Остальным восьмидесяти тысячам этого тоже хотелось, однако все как-то мирились
с ситуацией. Ведь не выбрали же в самом деле его одного, чтобы досадить. Мелани
даже пожаловалась на него Эшли накануне вечером: Джейк ведет себя как ребенок,
и она с ним уже устала нянчиться. До чего ж он все-таки эгоистичный и
инфантильный! Но сейчас по дороге в лазарет, к Мэгги, она напрочь забыла и о
нем, и даже о Томе.
Организованное Эвереттом собрание «Анонимных алкоголиков»
имело огромный успех. Он был потрясен: на встречу, обрадованные представившейся
им возможностью, пришли почти сто человек. Вывеска «Друзья Билла В.» привлекла
к себе внимание посвященных, а из утреннего объявления по громкоговорителю они
узнали, где состоится встреча. Собрание с многочисленными выступлениями
продлилось два часа. Эверетт, шагая в лазарет и намереваясь поделиться радостью
с Мэгги, чувствовал себя совершенно другим человеком. А у нее был усталый вид.

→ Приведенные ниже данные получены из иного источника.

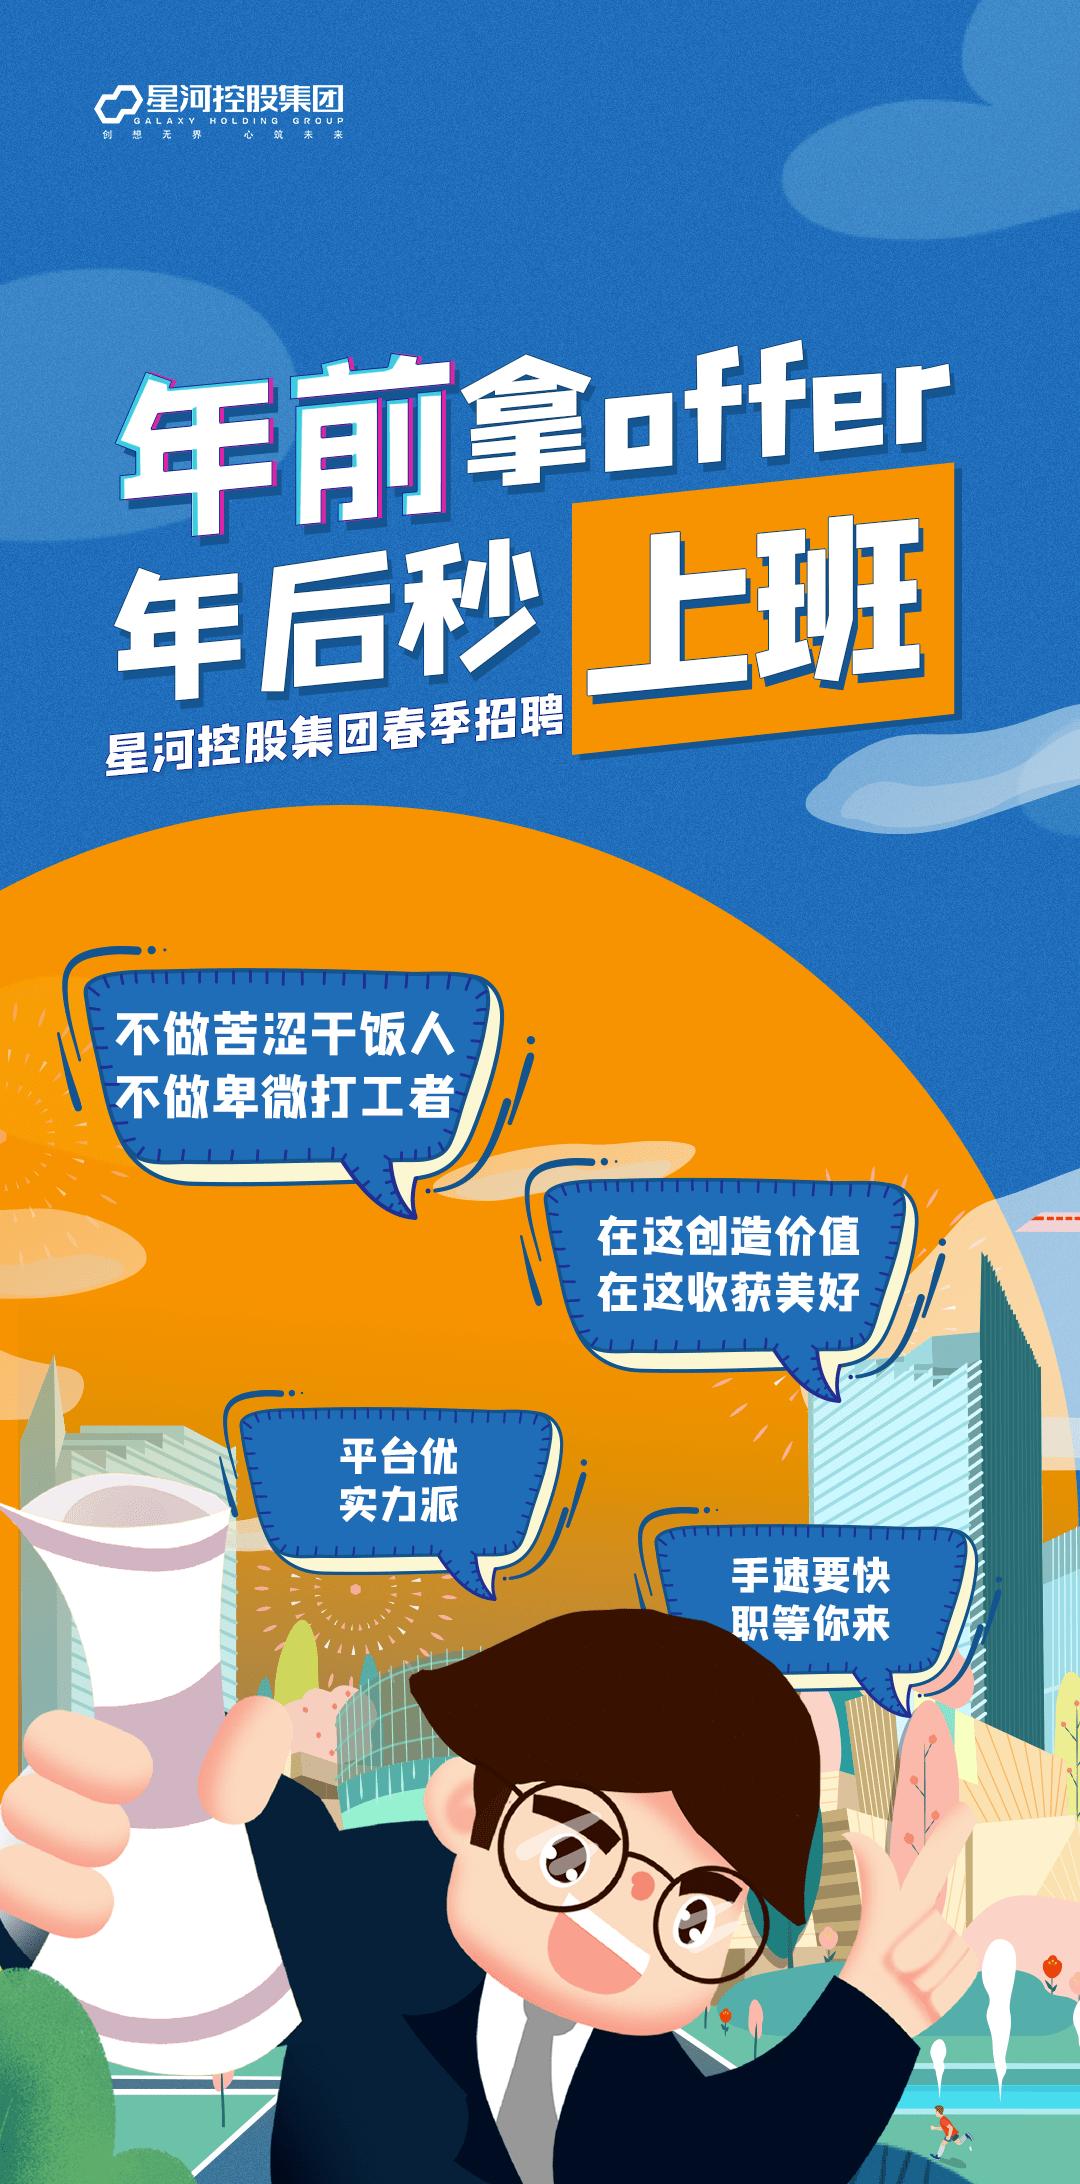 【广州招聘】给你个机会加入星河控股集团!超多岗位,年前拿offer,年后秒上班~
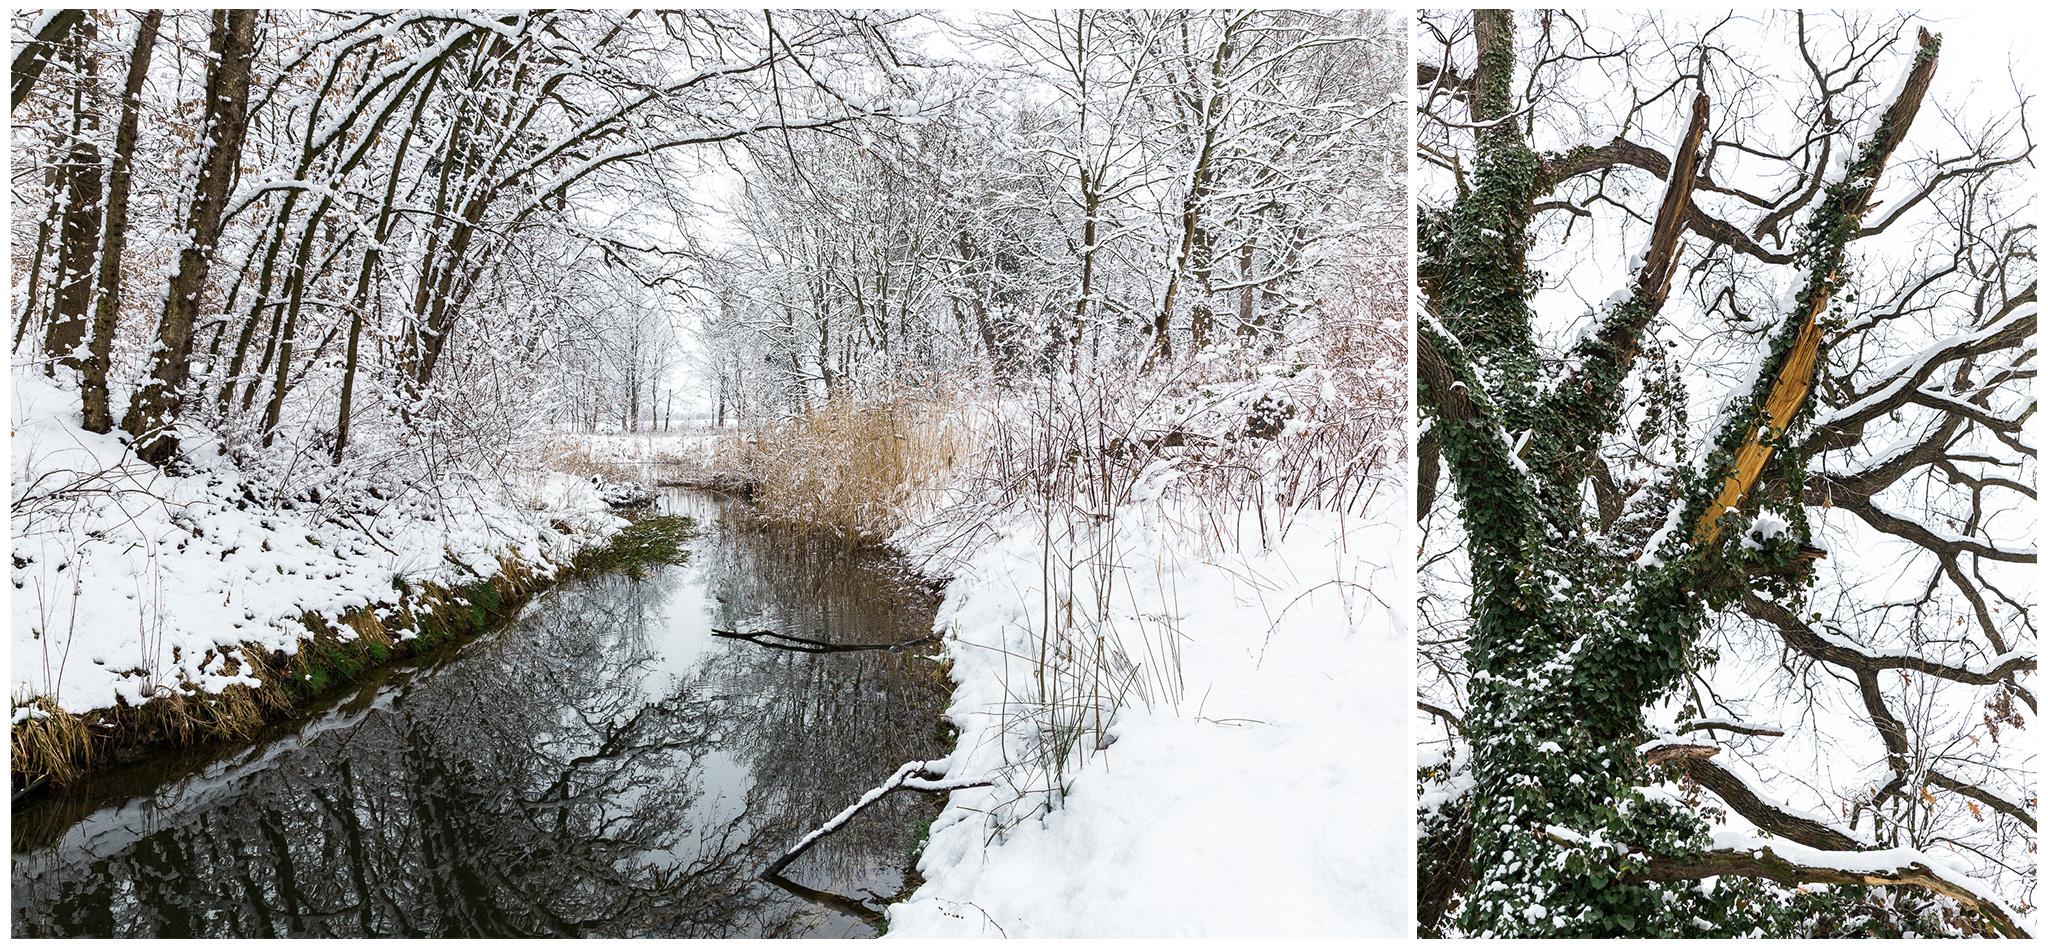 Körmend,Várkert,tél,2018,Fülöp Péter, fylepphoto, Vasmegye, Dunántúl_003.jpg

— Вы оказались правы! Все прошло просто
великолепно! — Глаза Эверетта радостно горели, когда он рассказывал,
сколько людей явилось на собрание. Мэгги за него порадовалась. Целый час, пока
длилось затишье, Эверетт просидел в лазарете. Мэгги отправила Мелани отдыхать,
а сама осталась с Эвереттом.
В конце концов они вместе ушли из больницы, отметившись на
выходе. Эверетт проводил ее до здания, где размещались волонтеры от различных
христианских церквей, братств и монашеских орденов. Были здесь также несколько
раввинов и буддистов в оранжевых одеждах. Эверетт с Мэгги просидели на
ступеньке перед входом и пока беседовали, все время кто-то входил и выходил из
здания. Мэгги нравилось говорить с Эвереттом, который после собрания
почувствовал новый прилив сил.
— Спасибо вам, Мэгги! — Эверетт поднялся,
собираясь уйти. — Вы настоящий друг.
— Вы тоже, Эверетт, — улыбнулась Мэгги. —
Рада, что у вас все получилось.
Она заволновалась при мысли, что было бы, если б никто не
пришел. Но собравшиеся сегодня договорились встречаться каждый день в тот же
час, и Мэгги предчувствовала, что затея Эверетта будет иметь успех. Люди жили в
постоянном напряжении, впрочем, как и она сама. Священники в их здании каждое
утро проводили богослужения, заряжавшие Мэгги положительной энергией на весь
день, точно так же как собрание «Анонимных алкоголиков» — Эверетта. Мэгги каждый
вечер перед сном посвящала молитве, несмотря на тяжелую работу, которая
забирала у нее все силы.
— До завтра, — попрощался Эверетт и ушел.
Мэгги вошла в здание. По освещенной фонарями на батарейках
лестнице поднялась наверх. Входя в комнату, которую она делила с шестью
монахинями-волонтерами, она думала об Эверетте. Впервые за долгие годы она
почувствовала некое отчуждение от других монахинь. Одна из них вот уже два дня
сокрушалась, что осталась без монашеского облачения: в монастыре из-за утечки
газа начался пожар, и монахини, спасаясь, прибыли в Пресидио в одних ночных
халатах и тапочках. Женщина, по ее словам, чувствовала себя без облачения
голой. Мэгги терпеть не могла монашеские одежды и надела их на
благотворительный вечер лишь потому, что не имела платья и вообще ничего
другого, кроме того, в чем работала на улицах.
Мэгги не могла бы объяснить, почему чувствует себя так,
почему другие монахини стали казаться ей какими-то недалекими. Она вспомнила,
как уверяла Эверетта, что ей нравится быть монахиней. Ей действительно
нравилось, но при этом многие служители Бога — и монахи, и даже священники ее
раздражали. Иногда удавалось от этого отвлечься. Ведь с ней были Бог и ее
подопечные, заблудшие души. Особую неприязнь представители духовного сословия
вызывали у нее, когда, ничего не желая вокруг себя видеть, они считали свой
жизненный выбор единственно правильным и предпочтительным для всех.